Earlier this month, the National Football League, for the very first time, publicly acknowledged what they and others describe as a clear link between football and a progressive brain injury known as chronic traumatic encephalopathy, or C.T.E. Some observers compared the admission to tobacco companies acknowledging a link between cigarettes and lung cancer.
But Jerry Jones, the owner of the Dallas Cowboys, called the link “absurd,” according to The Washington Post, and he demanded more data. From the article (quoted verbatim):
“We don’t have that knowledge and background and scientifically, so there’s no way in the world to say you have a relationship relative to anything here,” Jones said. “There’s no research. There’s no data…. There’s no data that in any way creates a knowledge. There’s no way that you could have made a comment that there is an association and some type of assertion. In most things, you have to back it up by studies. And in this particular case, we all know how medicine is. Medicine is evolving. I grew up being told that aspirin was not good. I’m told that one a day is good for you…. I’m saying that changed over the years as we’ve had more research and knowledge.”
It would be easy to dismiss the rambling discourse from an N.F.L. team owner as being purely self-serving — an effort to protect the bottom line by casting doubt on the science underlying a fatal neurodegenerative disease that could deeply change football as we know it. There is evidence, after all, that repetitive brain injury may be linked to depression, confusion, dementia-like symptoms, and in some cases, suicide in some former football players.
Autopsies of these athletes show substantial devastation of brain tissue and an accumulation of neurological tangles and clogging proteins – pathologies conspicuously similar to the hallmarks of other neurodegenerative diseases like Alzheimer’s. This brain damage must be caused by repeated blows to the head, some scientists have reckoned.
But is Jones wrong? Not about the paucity of studies on C.T.E., and not about what actually causes the degenerated tissues in these former athletes’ brains. Researchers who look at brain injury, it turns out, are divided on these issues.
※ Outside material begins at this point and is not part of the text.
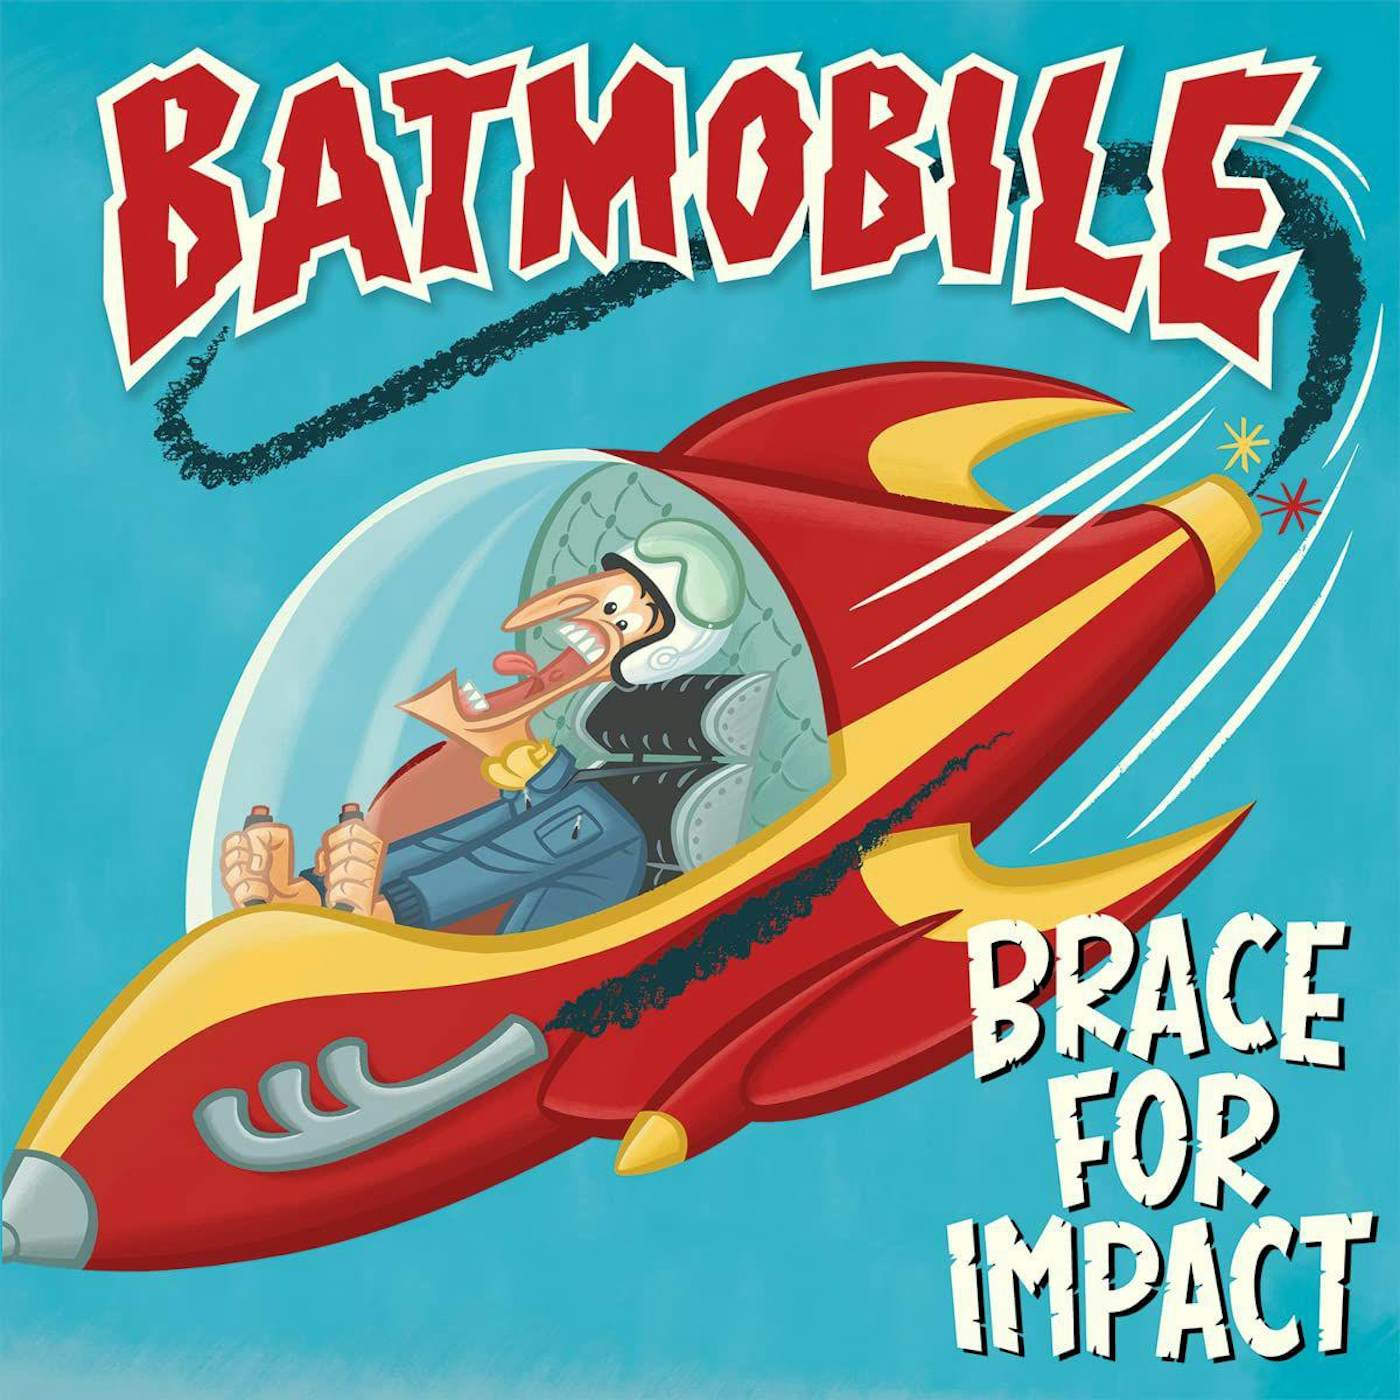 Batmobile BRACE FOR IMPACT (LIMITED/TRANSLUCENT YELLOW/180G) Vinyl Record
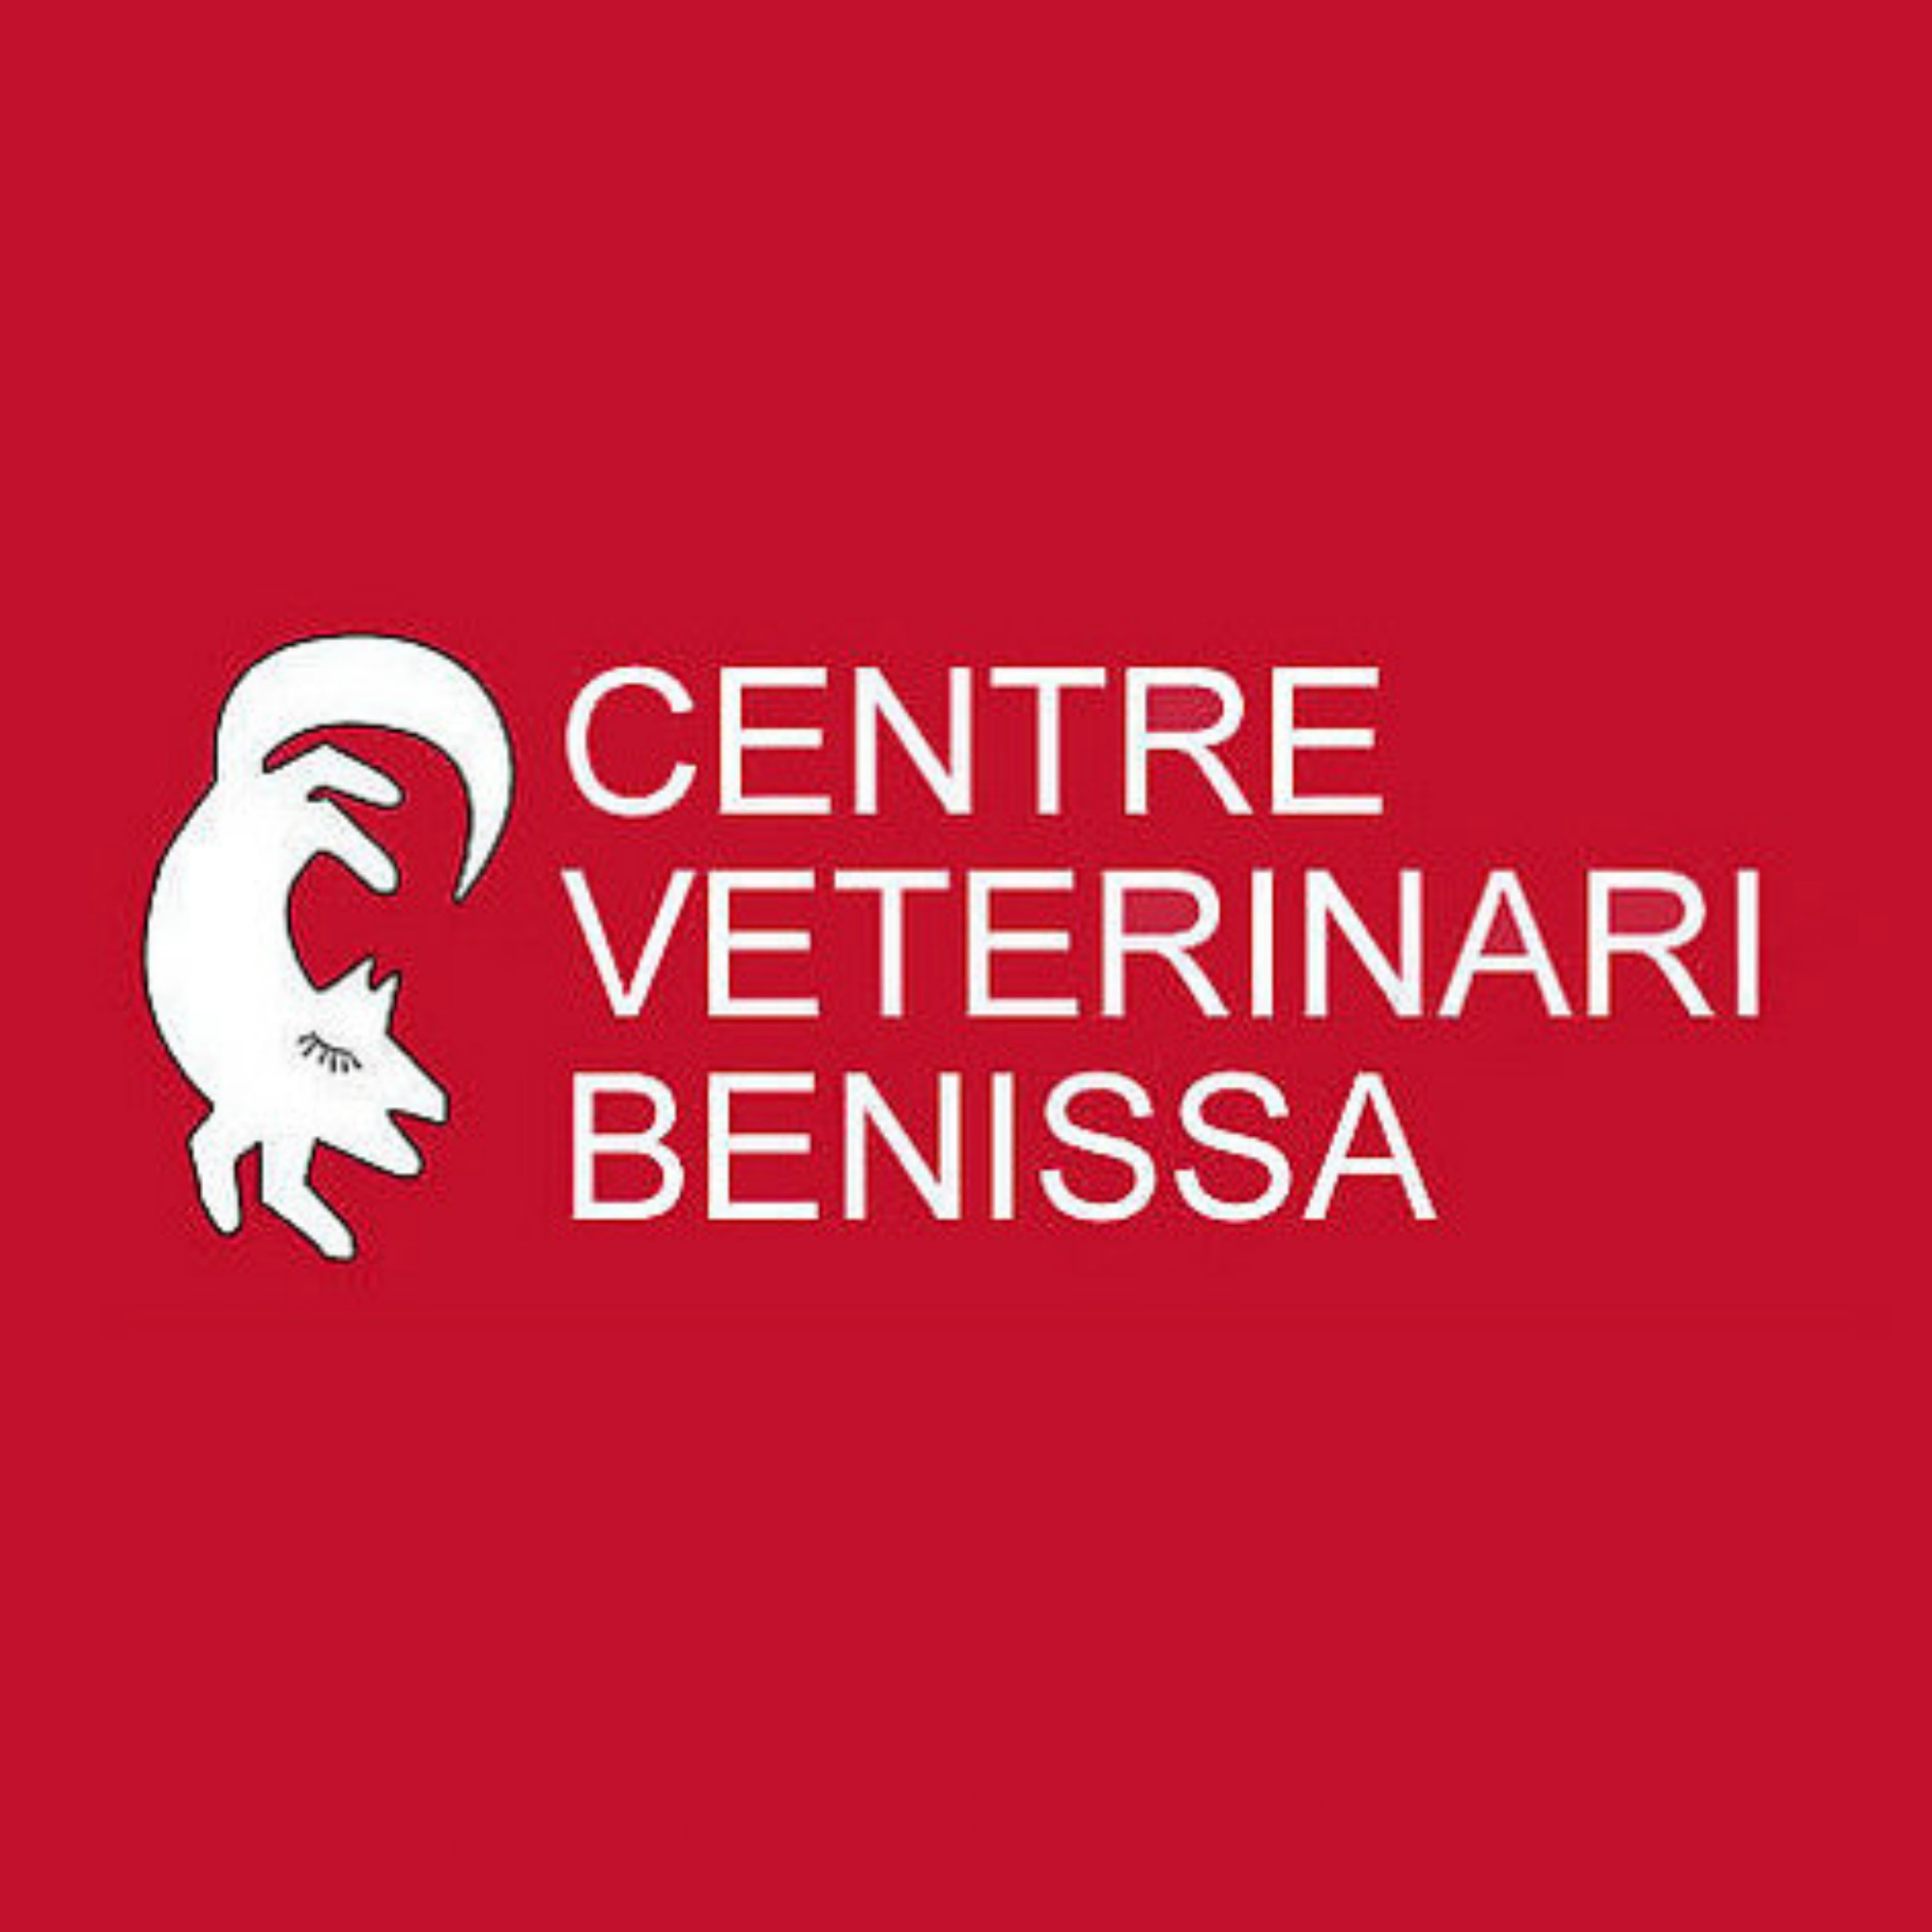 Centre Veterinari Benissa S.L.

“We’re talking about an ‘unconsensus’ here,” said Douglas Smith, director of the Center for Brain Injury and Repair at the University of Pennsylvania’s Perelman School of Medicine. “None of these things are linked yet, but everyone feels that they are.”
One of the most troubling issues with C.T.E. studies today is selection bias, Smith said, meaning that the studies finding C.T.E. in the brains of deceased football players are limited by the singularity of their samples: That is, the brains of deceased football players. The sample size needs to be more representative of the general population, Smith said, in order to draw firmer conclusions. Studies based on the brains of athletes who committed suicide, he added, are even more limited in what they reveal about the disease and its connection to sports-related trauma.
“The problem with concussion is that when a dramatic life-changing event occurs and [an athlete] commits suicide, those are the brains that are looked at.”
If C.T.E. is indeed caused by repeat concussions, as the early evidence suggests, studies need to be designed that look at other populations, Smith said. What about non-football players who have experienced repeat concussions, for example?
“We have very high functioning, captains of industry with repeat concussions,” Smith said. Do they have C.T.E.? Researchers just don’t know.
The bottom line is that only more research will tell if concussions are linked to C.T.E., as Smith concluded in his 2013 review published in Nature Reviews Neurology. “Considerable work needs to be done,” Smith wrote, “to clearly define C.T.E. as a disease entity both pathologically and clinically.”
“We don’t have great epidemiology yet,” he told Undark in an interview. “That’s one of the main things we have to work towards.”